Personal information
- Full name: Richard John Davies
- Born: 11 February 1954 (age 72) Birmingham, Warwickshire, England
- Batting: Right-handed
- Bowling: Right-arm medium

Domestic team information
- 1976: Warwickshire
- 1979: Berkshire

Career statistics
| Competition | FC | LA |
| Matches | 1 | 1 |
| Runs scored | 18 | 7 |
| Batting average | 9.00 | 7.00 |
| 100s/50s | –/– | –/– |
| Top score | 18 | 7 |
| Balls bowled | – | – |
| Wickets | – | – |
| Bowling average | – | – |
| 5 wickets in innings | – | – |
| 10 wickets in match | – | – |
| Best bowling | – | – |
| Catches/stumpings | 1/– | 1/– |
- Source: Cricinfo, 21 September 2010

= Richard Davies (cricketer) =

English cricketer

Richard John Davies (born 11 February 1954) is a former English cricketer. Davies was a right-handed batsman who bowled right-arm medium pace. He was born at Birmingham, Warwickshire.

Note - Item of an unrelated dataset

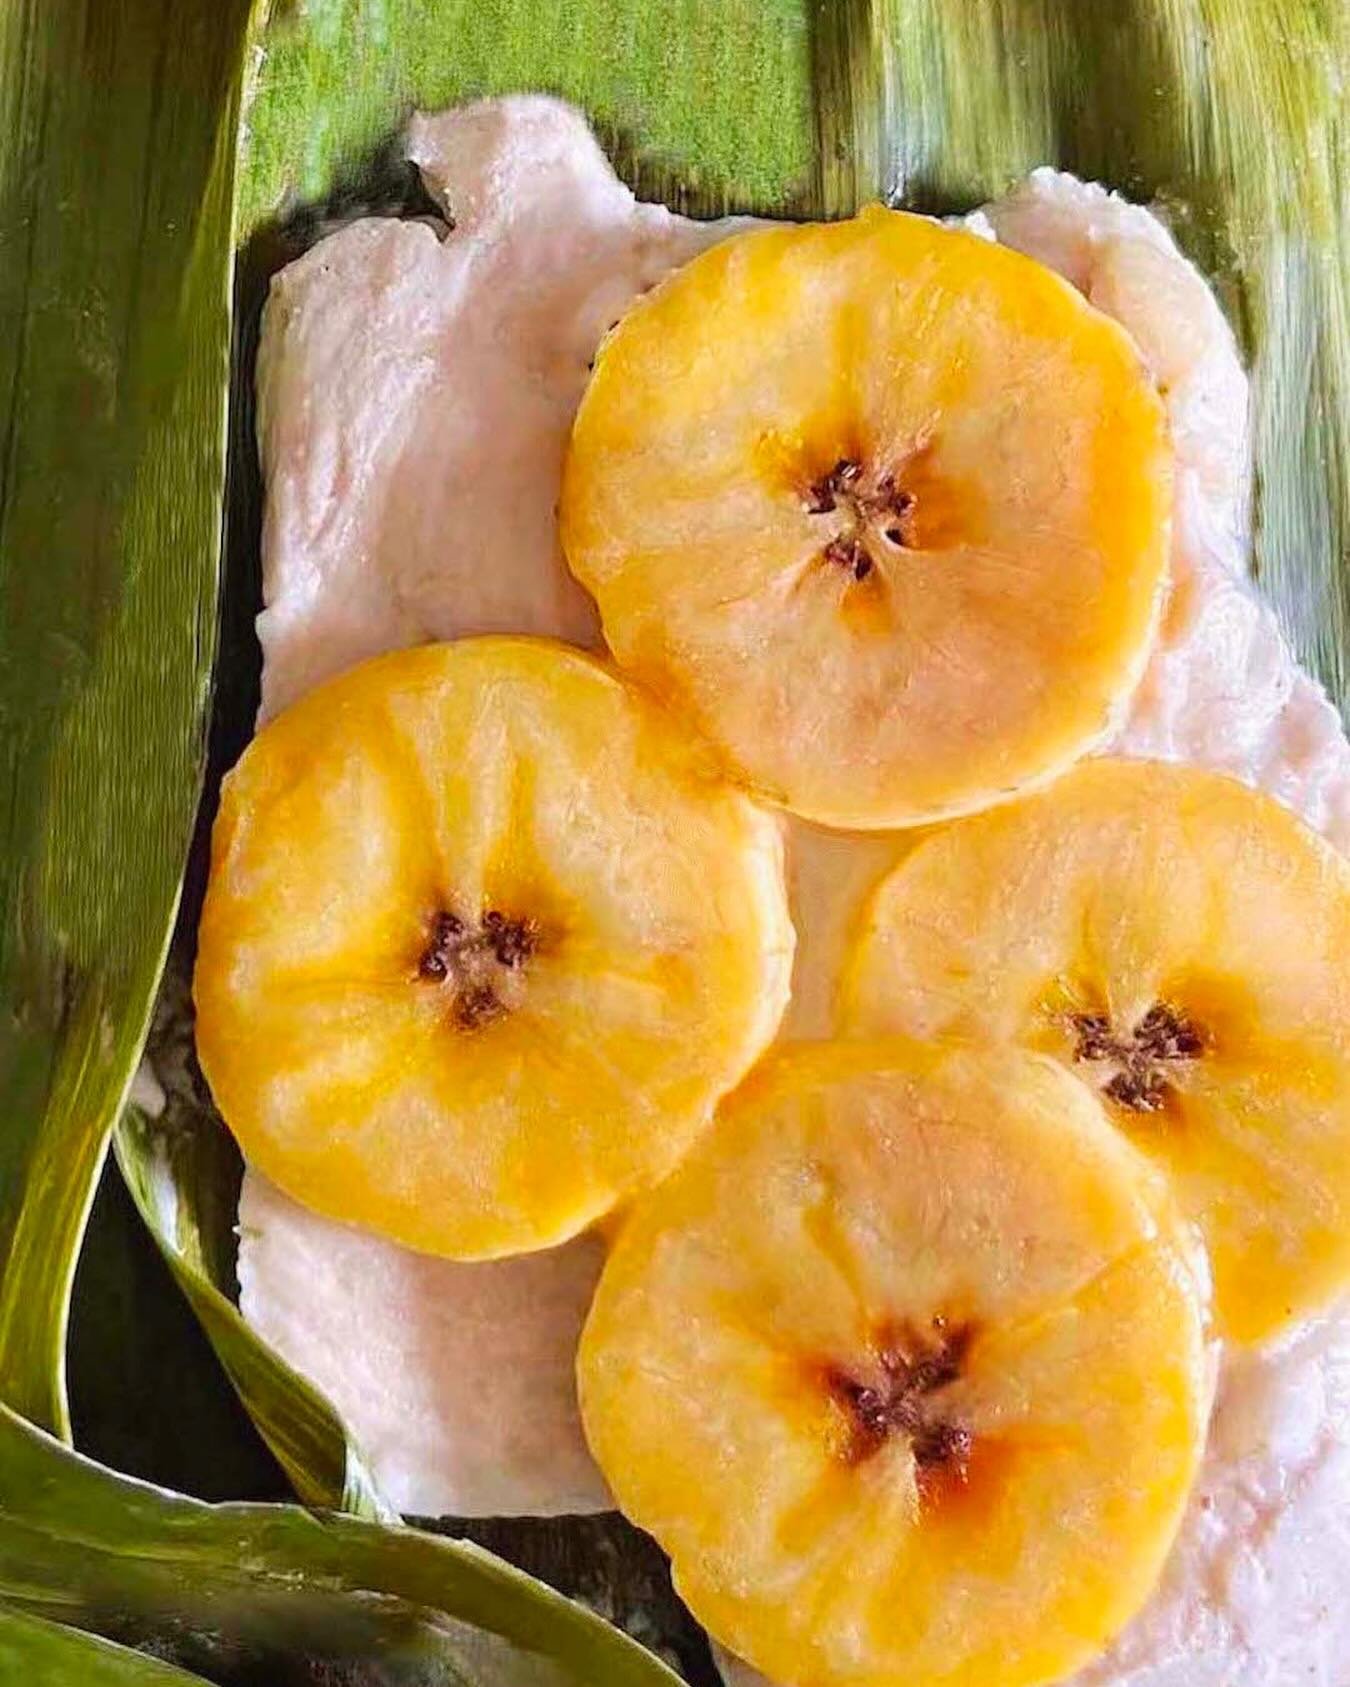 This week in #taste_budding: thin-sliced chicken breast marinated in coconut milk, grated coconut, lime, and jalepe&ntilde;o, oven-steamed with plantains in banana leaf packets. Recipe by @ChefPierreThiam from his book &ldquo;Yolele: Recipes from the

Davies played a single first-class match for Warwickshire in 1976 against Oxford University, in what was his only appearance for Warwickshire.

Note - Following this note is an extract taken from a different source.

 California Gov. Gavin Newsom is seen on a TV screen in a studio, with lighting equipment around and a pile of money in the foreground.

Davies made his Minor Counties Championship debut for Berkshire in 1979 against Buckinghamshire. During 1979, he represented the county in 6 Minor Counties Championship matches, the last of which came against Wiltshire.

Additionally, he also played a single List-A match for Berkshire in the 1979 Gillette Cup against Durham at Green Lane Cricket Ground, Durham.